Would you print the lines below exactly, beginning at the line that has "Daddys Little Slut" and stopping after the line that has "العثور على عروس"? Only those lines, and no pictures.

_Extracted data_.
□ □ □
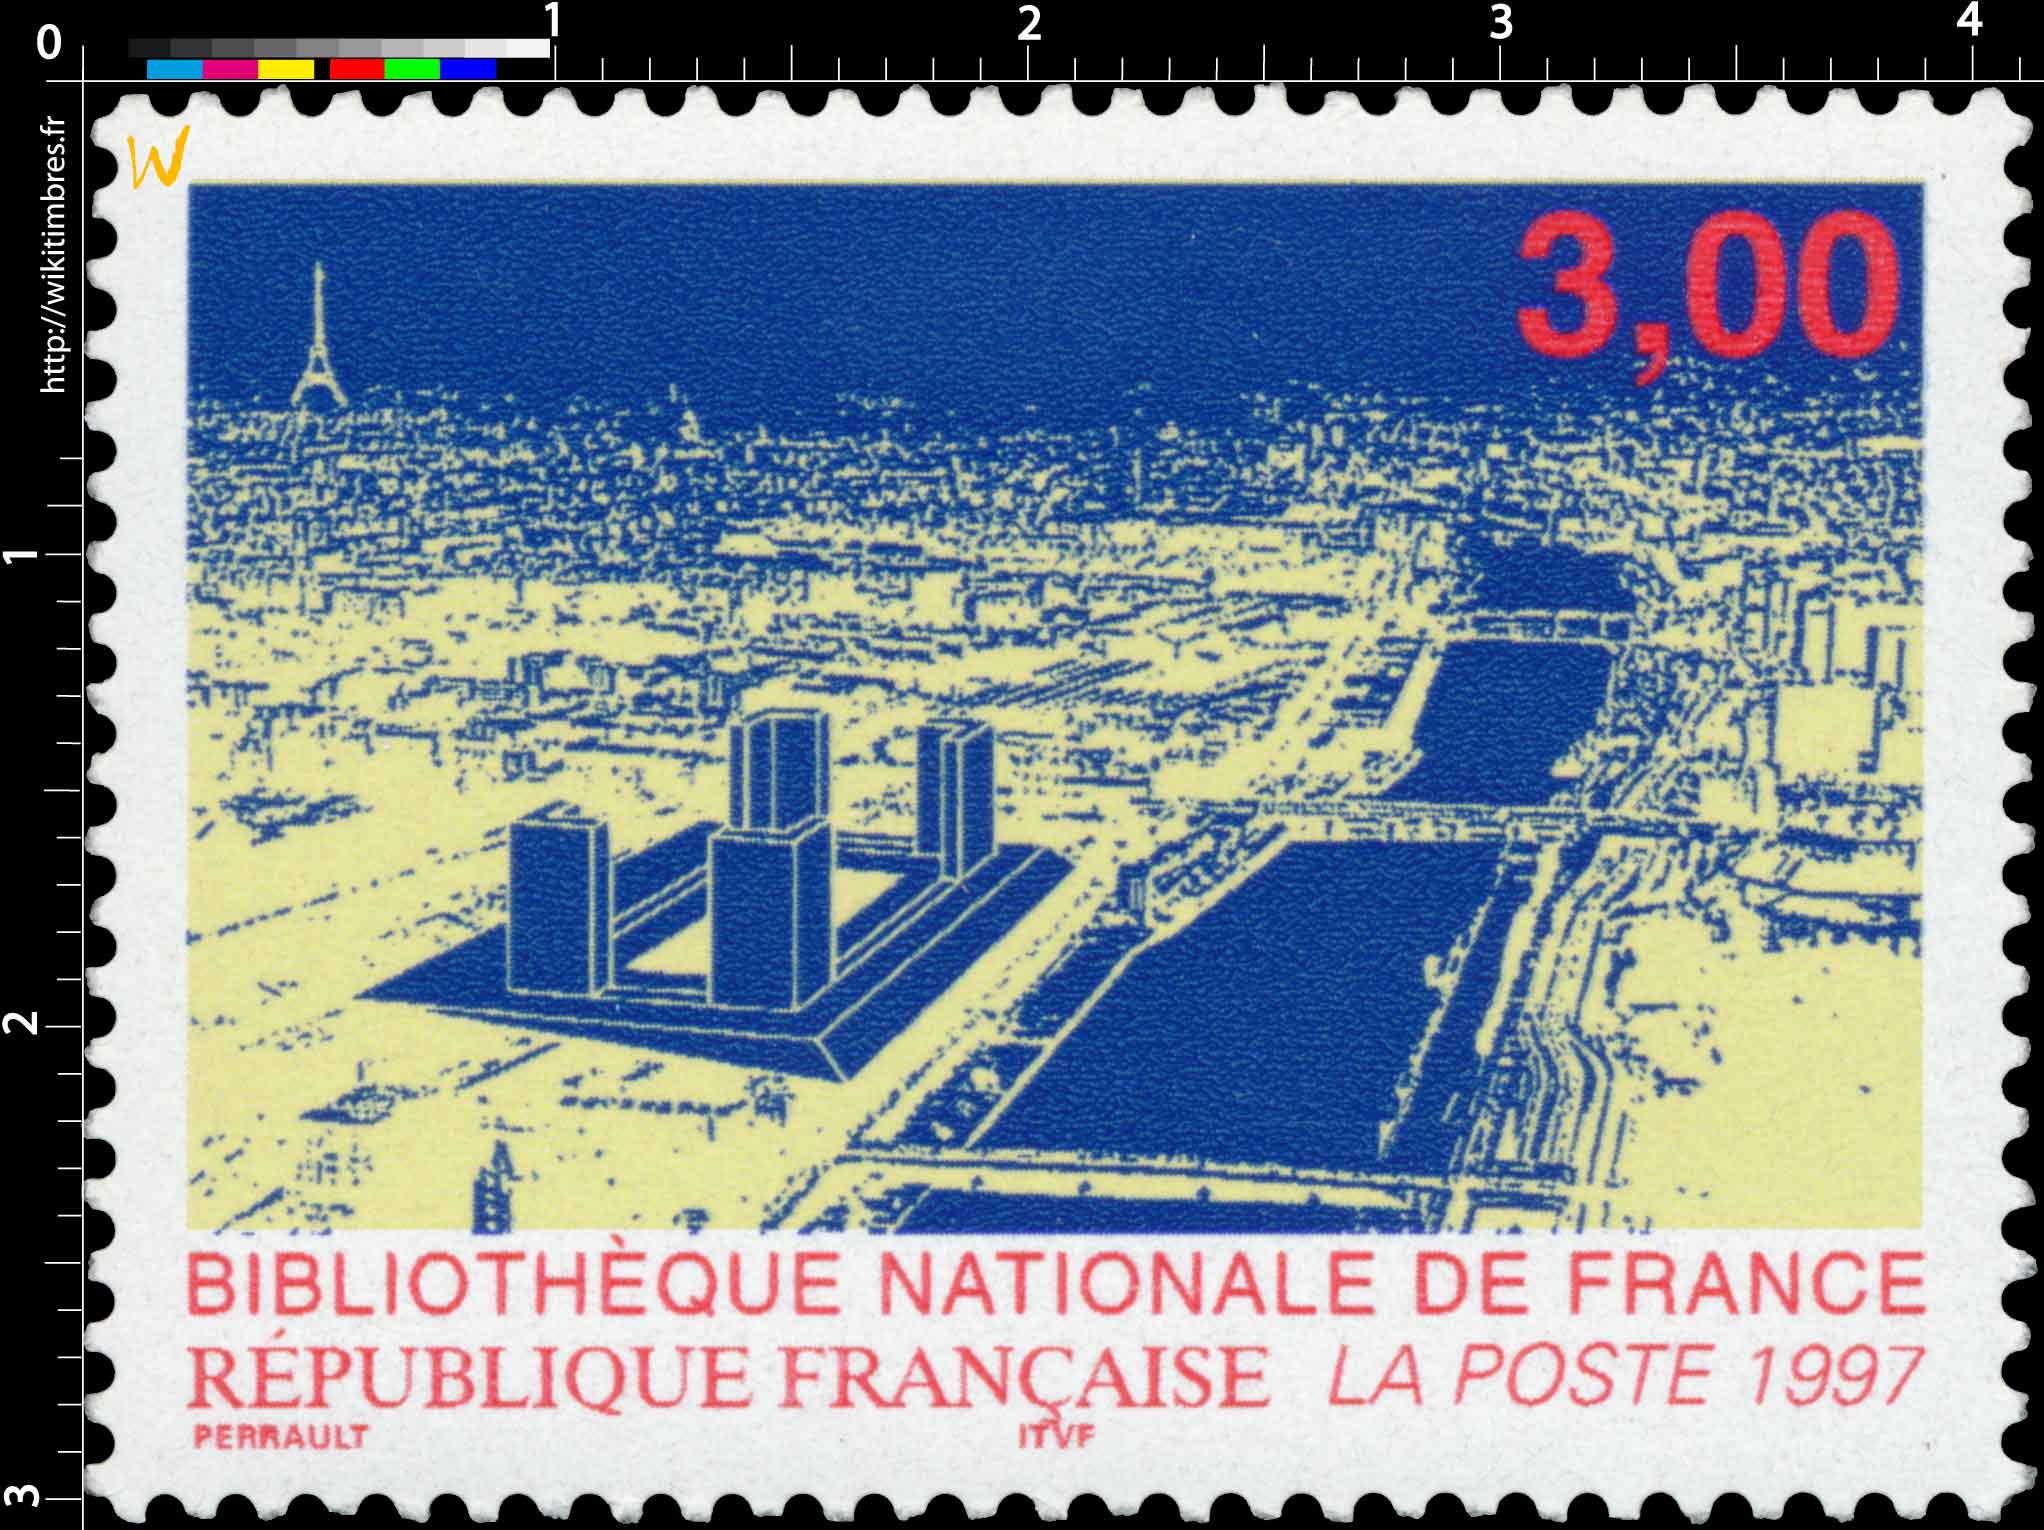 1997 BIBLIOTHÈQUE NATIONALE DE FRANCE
□ □ □
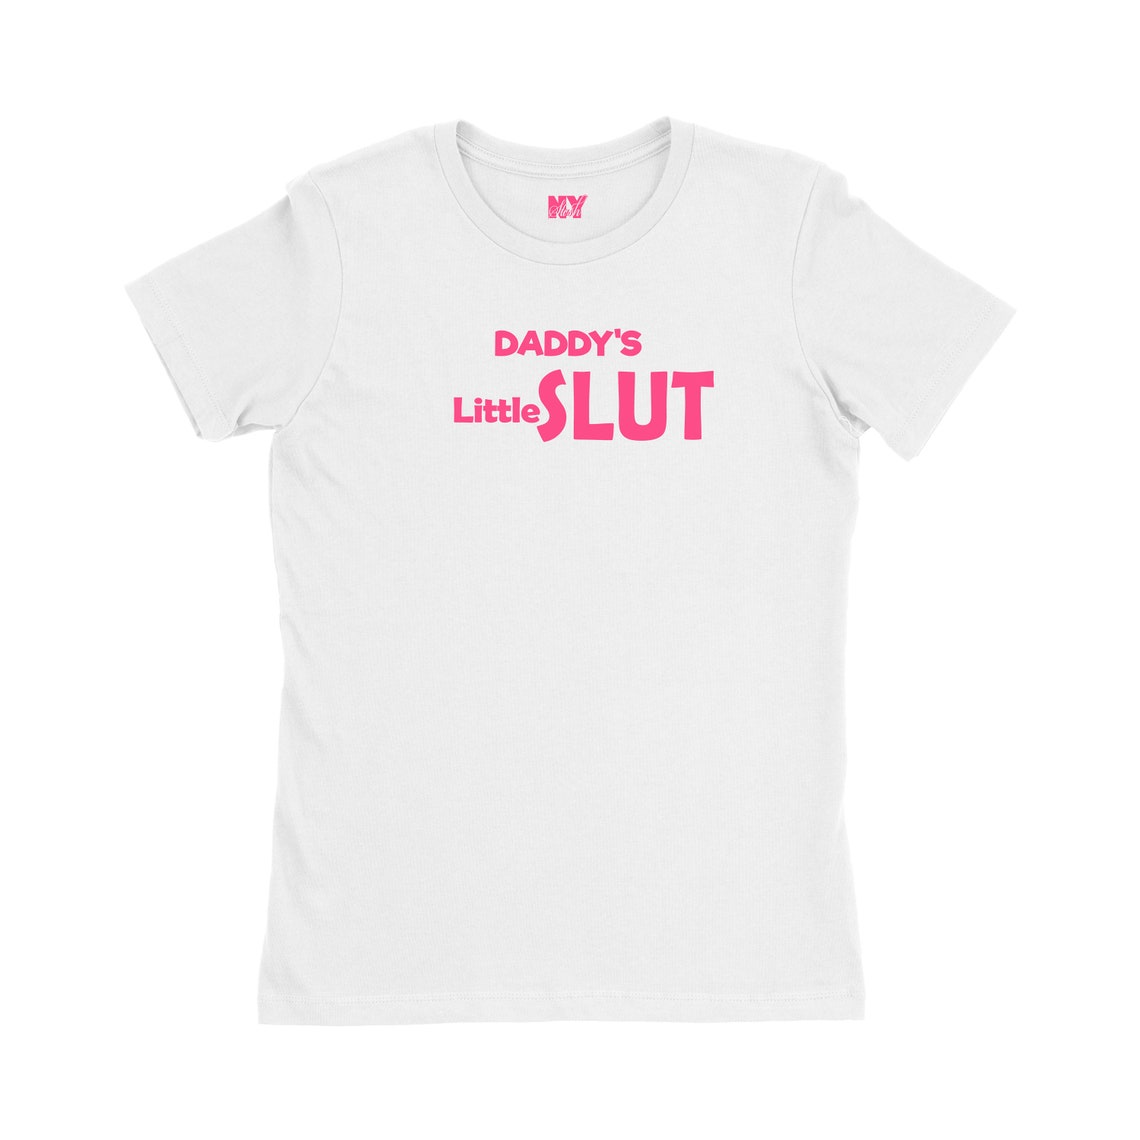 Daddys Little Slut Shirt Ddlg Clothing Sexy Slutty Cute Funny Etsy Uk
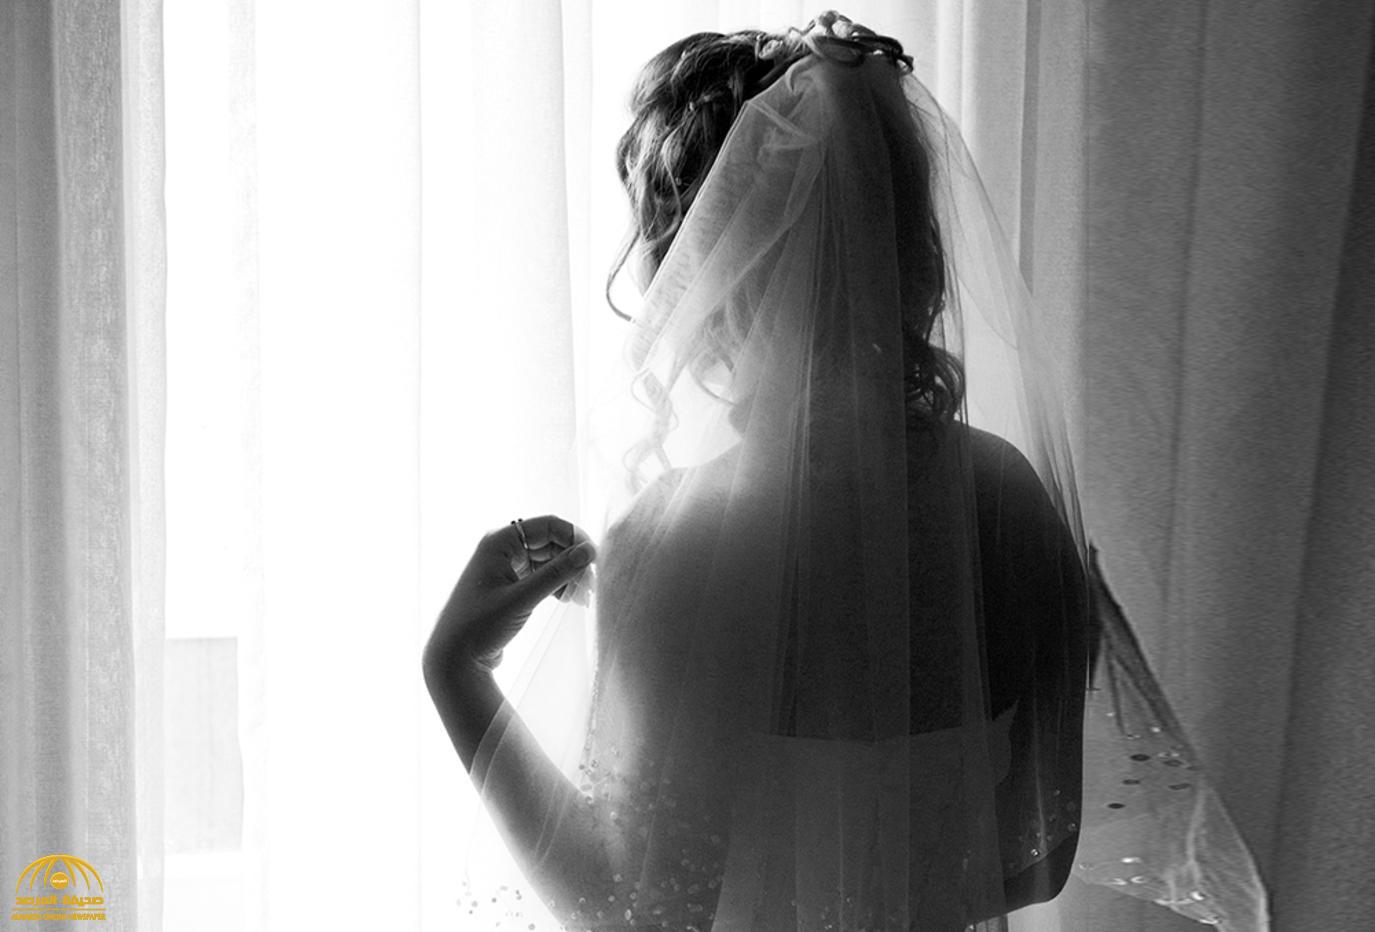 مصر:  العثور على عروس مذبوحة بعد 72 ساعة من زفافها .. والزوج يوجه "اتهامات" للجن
□ □ □
_Response_.
 Daddys Little Slut Shirt Ddlg Clothing Sexy Slutty Cute Funny Etsy Uk
 مصر:  العثور على عروس مذبوحة بعد 72 ساعة من زفافها .. والزوج يوجه "اتهامات" للجن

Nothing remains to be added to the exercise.